More details about the four different approaches follow below.
Why is curl not using HTTP/3 already?
It already does if you build it yourself with the right set of third party libraries. Also, the curl for windows binaries provided by the curl project supports HTTP/3.
For Linux and other distributions and operating system packagers, a big challenge remains that the most widely used TLS library (OpenSSL) does not offer the widely accepted QUIC API that most other TLS libraries provide. (Remember that HTTP/3 uses QUIC which uses TLS 1.3 internally.) This lack of API prevents existing QUIC libraries to work with OpenSSL as their TLS solution forcing everyone who want to use a QUIC library to use another TLS library – because curl does not easily allows itself to get built using multiple TLS libraries . Having a separate TLS library for QUIC than for other TLS based protocols is not supported.
Debian tries an experiment to enable HTTP/3 in their shipped version of curl by switching to GnuTLS (and building with ngtcp2 + nghttp3).
HTTP/3 backends
To get curl to speak HTTP/3 there are three different components that need to be provided, apart from the adjustments in the curl code itself:
TLS 1.3 support for QUIC
A QUIC protocol library
An HTTP/3 protocol library
Illustrated
Below, you can see the four different HTTP/3 solutions supported by curl in different columns. All except the right-most solution are considered experimental.
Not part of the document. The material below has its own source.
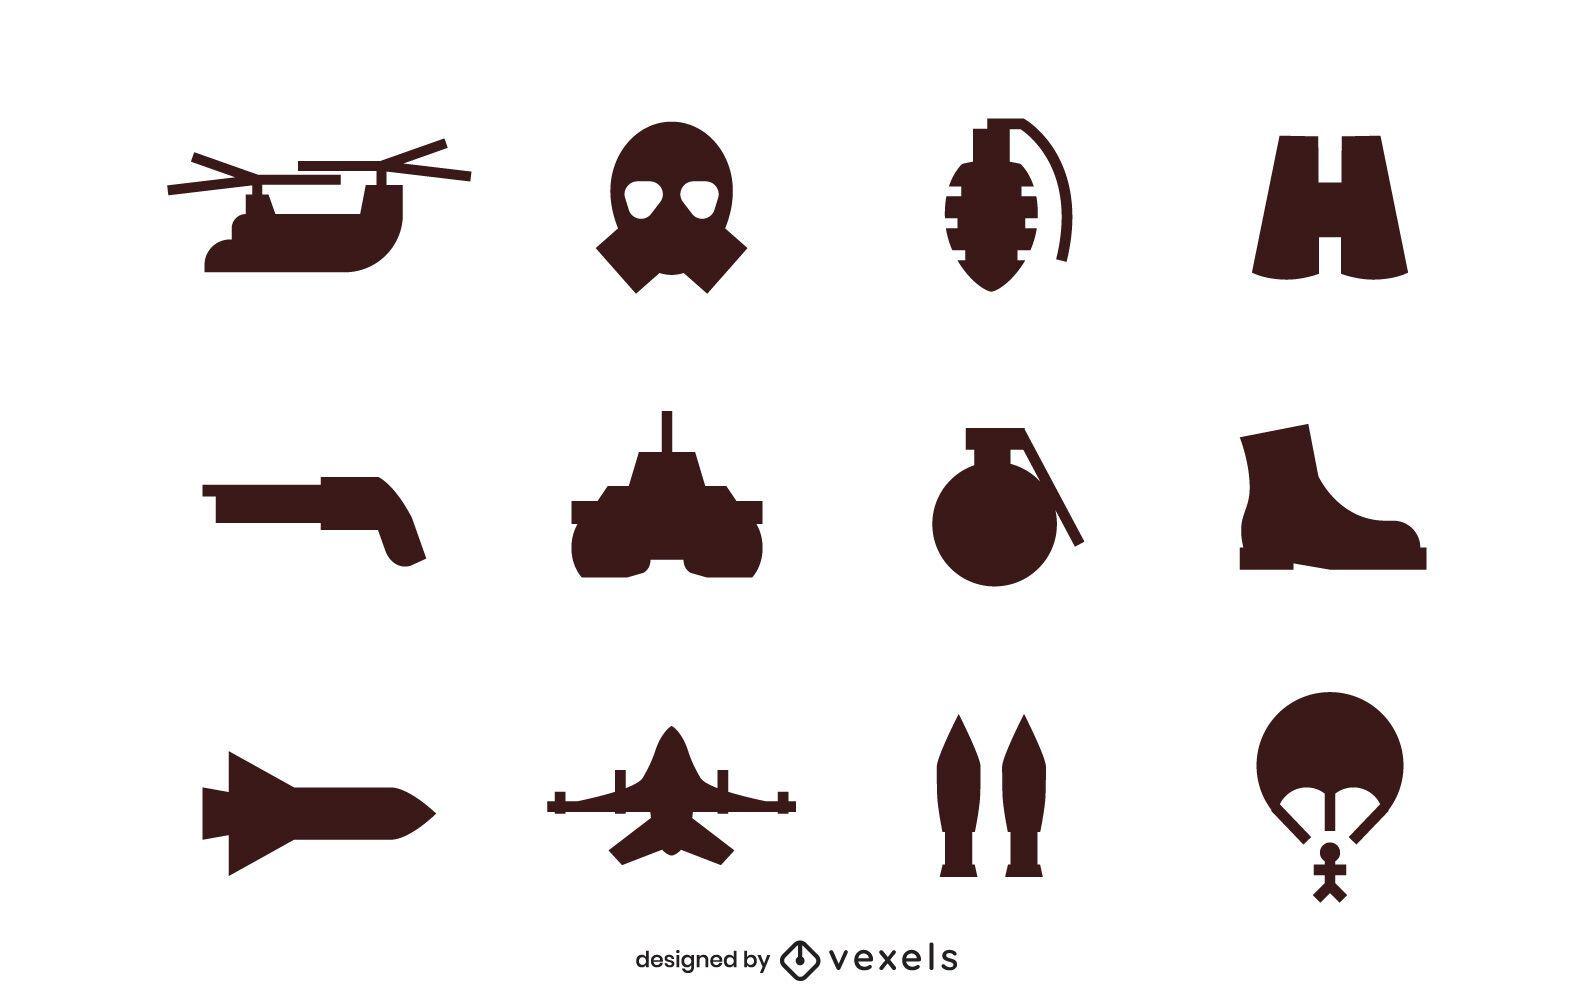 Army silhouette icon set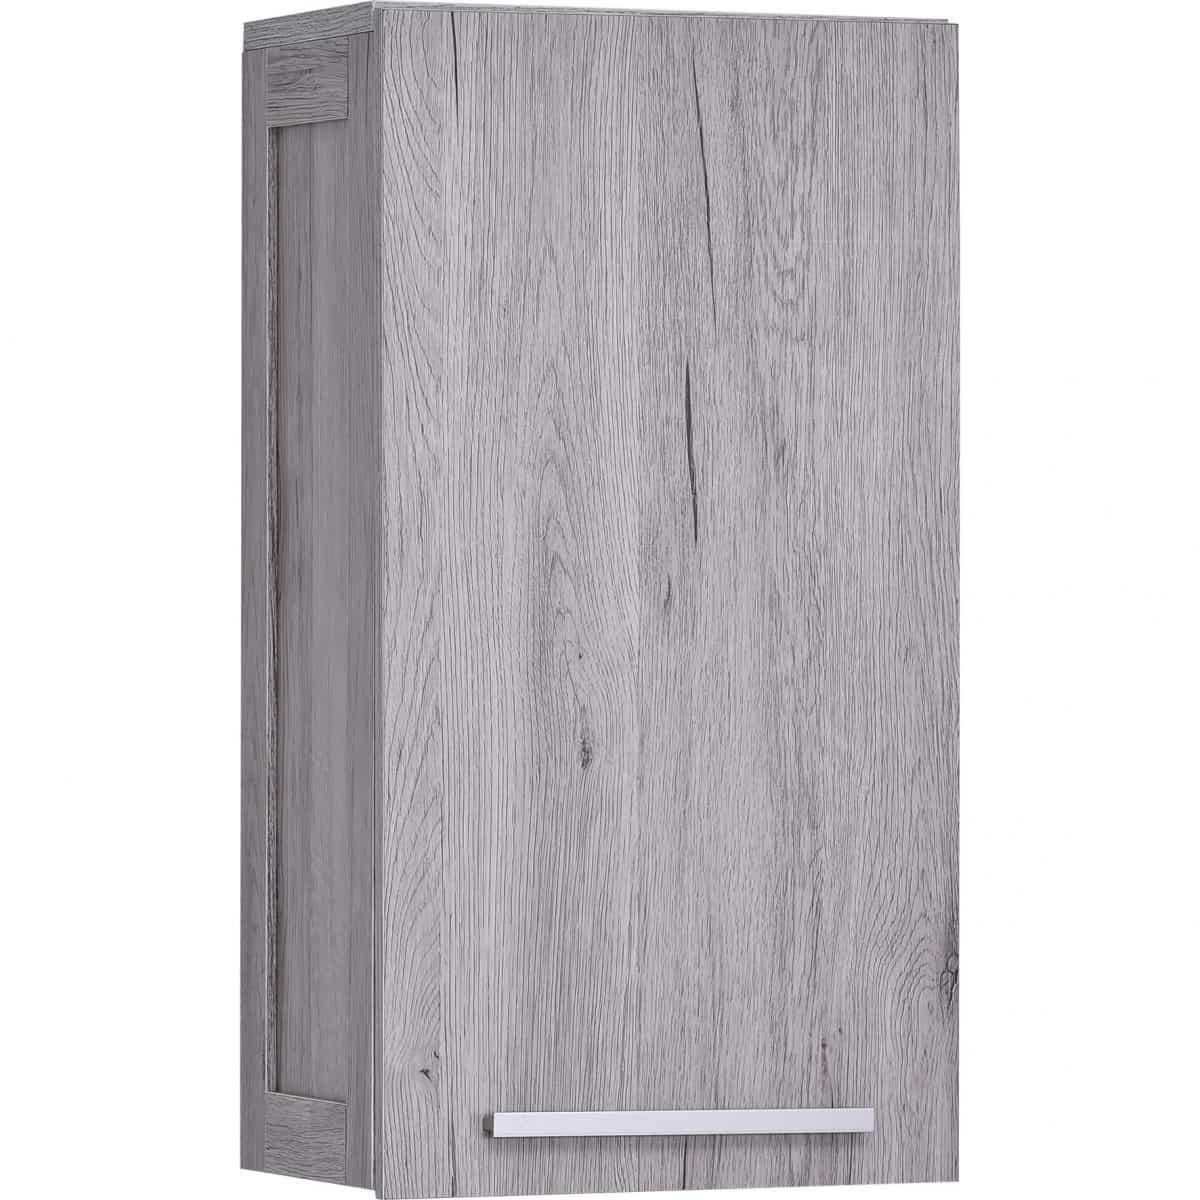 Pleasing Wall Mounted Bath Cabinet Oslo 1 Door 1 Shelf Washed Gray Oak Interior Design Ideas Skatsoteloinfo

HTTP/3 backend support in curl, June 2024
From left to right:
the quiche library does both QUIC and HTTP/3 and it works with BoringSSL for TLS
msh3 is an HTTP/3 library that uses mquic for QUIC and either a fork family or Schannel for TLS
nghttp3 is an HTTP/3 library that in this setup uses OpenSSL‘s QUIC stack, which does both QUIC and TLS
nghttp3 for HTTP/3 using ngtcp2 for QUIC can use a range of different TLS libraries: fork family, GnuTLS and wolfSSL. (picotls is supported too, but curl itself does not support picotls for other TLS use)
ngtcp2 is ahead
ngtcp2 + nghttp3 was the first QUIC and HTTP/3 combination that shipped non-beta versions that work solidly with curl, and that is the primary reason it is the solution we recommend.
The flexibility in TLS solutions in that vertical is also attractive as this allows users a wide range of different libraries to select from. Unfortunately, OpenSSL has decided to not participate in that game so this setup needs another TLS library.
OpenSSL QUIC
OpenSSL 3.2 introduced a QUIC stack implementation that is not “beta”. As the second solution curl can use. In OpenSSL 3.3 they improved it further. Since early 2024 curl can get built and use this library for HTTP/3 as explained above.
However, the API OpenSSL provide for doing transfers is lacking. It lacks vital functionality that makes it inefficient and basically forces curl to sometimes busy-loop to figure out what to do next. This fact, and perhaps additional problems, make the OpenSSL QUIC implementation significantly slower than the competition. Another reason to advise users to maybe use another solution.
We keep communicating with the OpenSSL team about what we think needs to happen and what they need to provide in their API so that we can do QUIC efficiently. We hope they will improve their API going forward.
Stefan Eissing produced nice comparisons graph that I have borrowed from his Performance presentation (from curl up 2024. Stefan also blogged about h3 performance in curl earlier.). It compares three HTTP/3 curl backends against each other. (It does not include msh3 because it does not work good enough in curl.)
As you can see below, in several test setups OpenSSL is only achieving roughly half the performance of the other backends in both requests per second and raw transfer speed. This is on a localhost, so basically CPU bound transfers.
HTTP/3 backend performance in curl compared, requests/second
HTTP/3 backend performance in curl compared, megabytes/second
I believe OpenSSL needs to work on their QUIC performance in addition to providing an improved API.
quiche and msh3
quiche is still labeled beta and is only using BoringSSL which makes it harder to use in a lot of situations.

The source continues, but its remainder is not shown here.